Our study has some strengths, too. First, the present study included a large sample size of CCS compared to other previous Asian studies. Second, we included CCS with diverse types of cancer, which makes it possible to look into the risks of neurocognitive impairment across different types of cancer. Third, our study included siblings as a comparison group. Fourth, we assessed neurocognitive function using the K-NCQ, for which a validation study has been completed. By using K-NCQ, we could reasonably compare our study findings with the findings of the US cohort CCSS study.

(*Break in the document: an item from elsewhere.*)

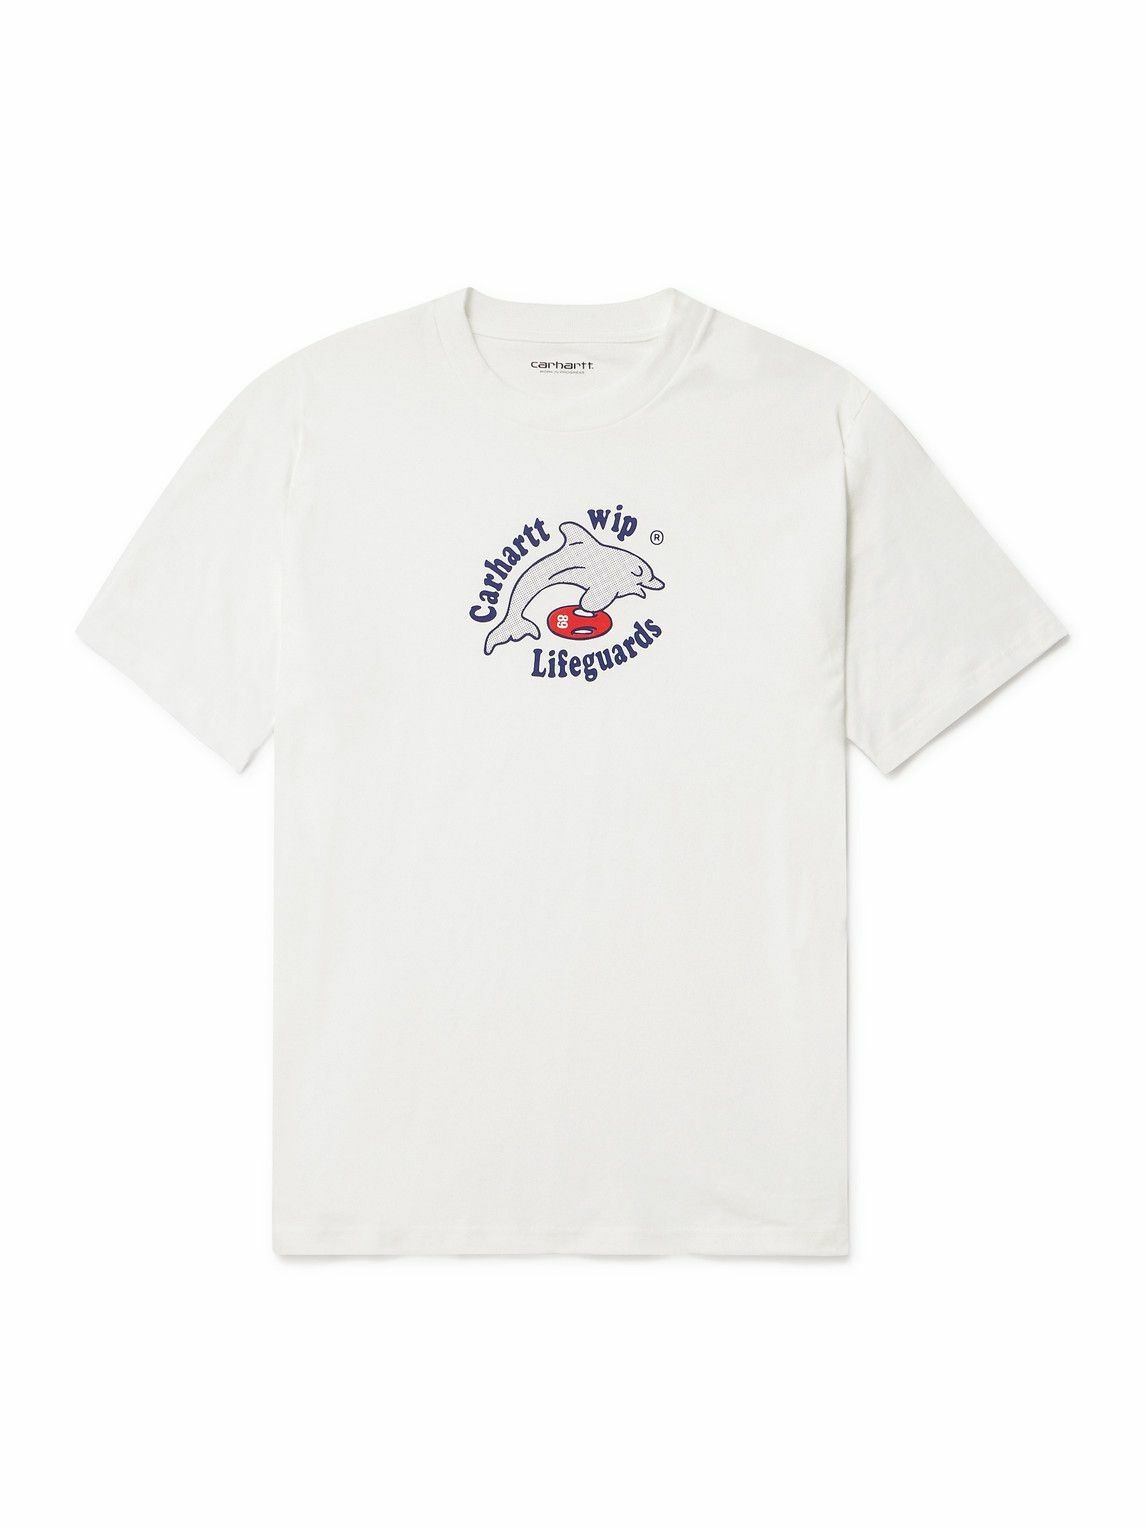 Carhartt WIP - Lifeguards Logo-Print Cotton-Jersey T-Shirt - White ...

In conclusion, in this Korean study including relatively young CCS with an average time lapse of 8.6 years from treatment completion, we found that CCS are more likely to have a neurocognitive impairment in task efficiency and organization subdomains compared with sibling group, most evidently among CCS with CNS solid tumor. These findings suggest that CCS have an increased risk for neurocognitive impairment after completion of cancer treatment, even from a relatively earlier age. Therefore, further studies to identify high-risk groups and to develop early effective interventional strategies to mitigate neurocognitive impairment in CCS seem necessary.